Program: ...io\build\build_debug-internal-64\clients\bin64\drcachesim.exe
File: C:\Program Files (x86)\Microsoft Visual Studio\2017\Community\VC\Tools\MSVC\14.16.27023\include\vector
Line: 1742
Expression: vector subscript out of range
For information on how your program can cause an assertion
failure, see the Visual C++ documentation on asserts.
(Press Retry to debug the application)
---------------------------
Abort Retry Ignore
---------------------------
In a local run there was one other msgbox I did not yet try to suppress, b/c the suite kept going and the app was killed properly:
win32.tls.exe popped this up but it disappeared after ~30s:
---------------------------
Microsoft Visual C++ Runtime Library
---------------------------
Debug Error!
Program: ...d_suite\build_debug-internal-32\suite\tests\bin\win32.tls.exe
abort() has been called
(Press Retry to debug the application)
---------------------------
Abort Retry Ignore
---------------------------
Several other tests have timed out (our CTest 90s timeout) with their last output 'About to create thread' on this VS2017/Win10 setup, presumably covered by #4058: 32-bit drutil-test; 64-bit callback; 32-bit drmgr-test up above.

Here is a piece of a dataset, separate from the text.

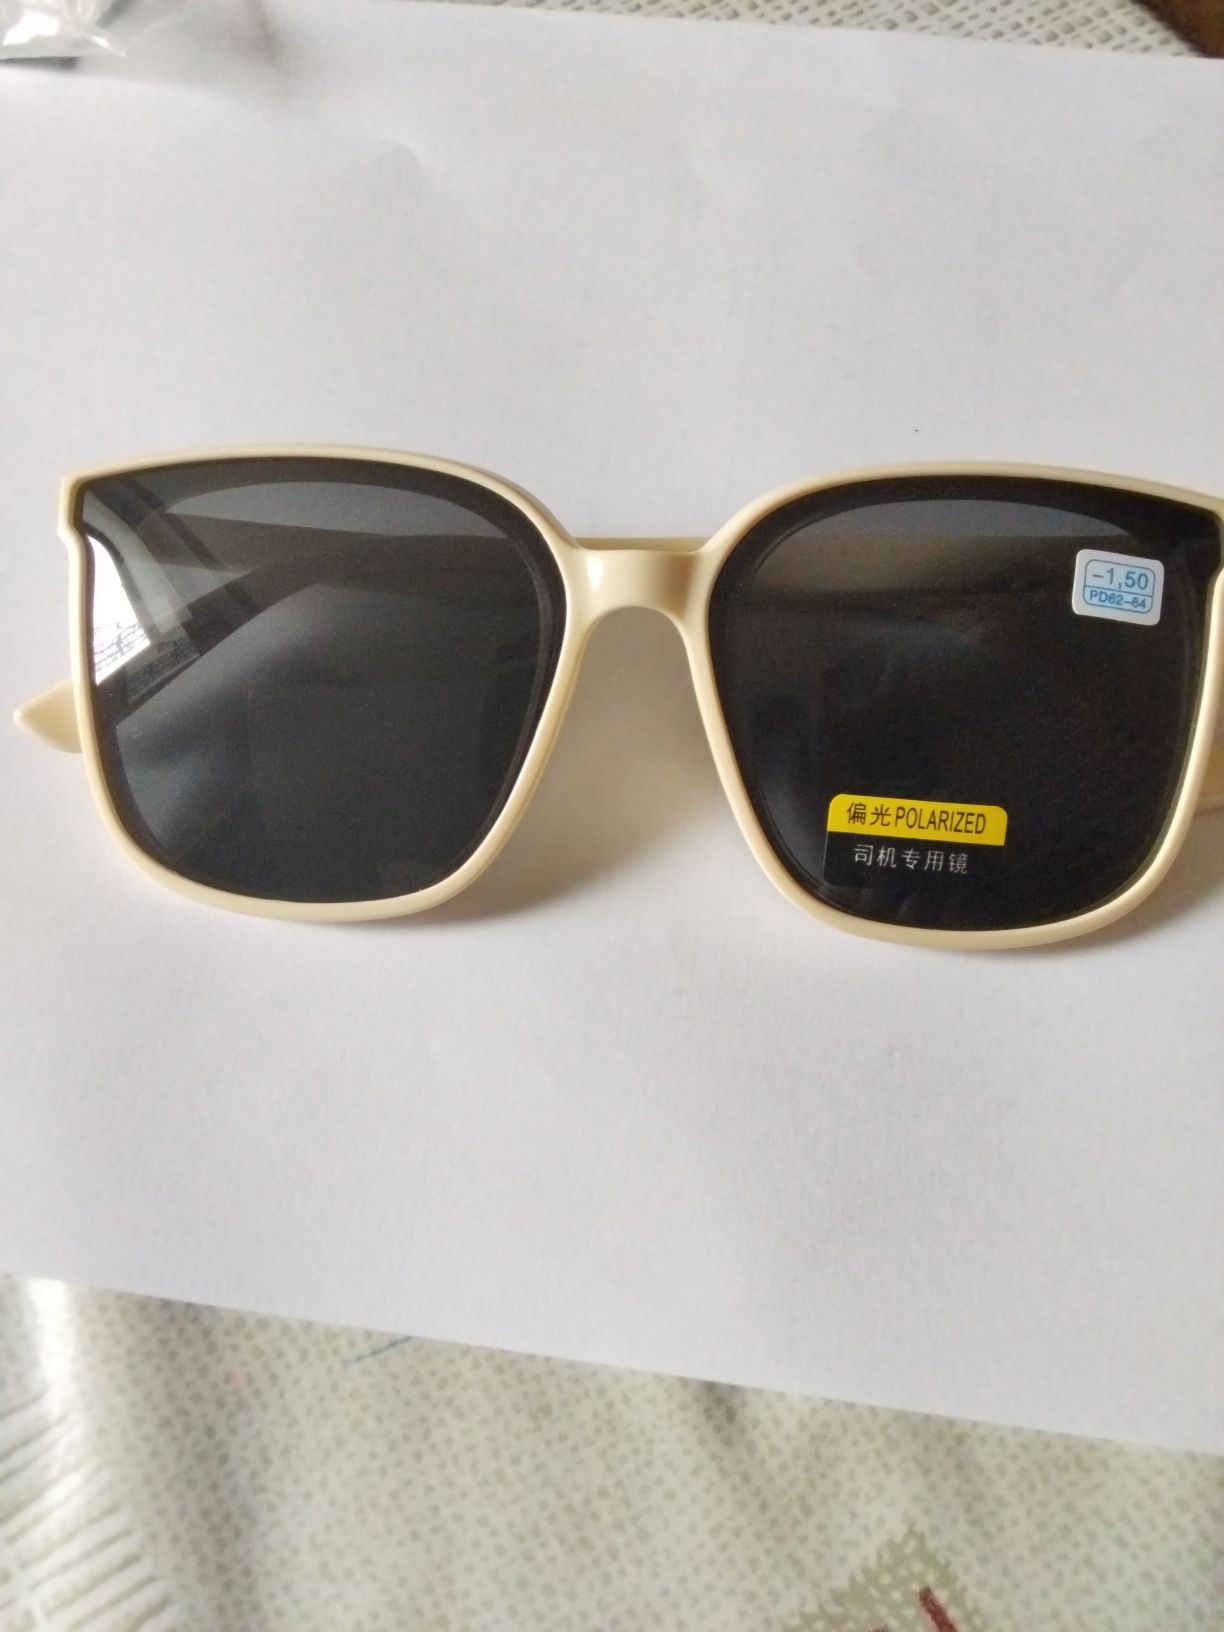 Okulary słoneczne do dali -1.5 PD 62-64mm z polaryzacją

So we have several action items:
- Add the _CrtSetReportMode to tools.h to avoid popups in test apps too
- Try to repro the hang in either client.events or drcachesim or the invariants test app
- If the app dies, on Windows drcachesim seems to wait forever for the pipe: can we add a timeout there
- Figure out and fix the underlying cause of the drcachesim vector abort()
- Figure out and fix the underlying cause of the win32.tls.exe abort()
- Try to repro and fix the problem at 'About to create thread'
Some of that may overlap with #4058.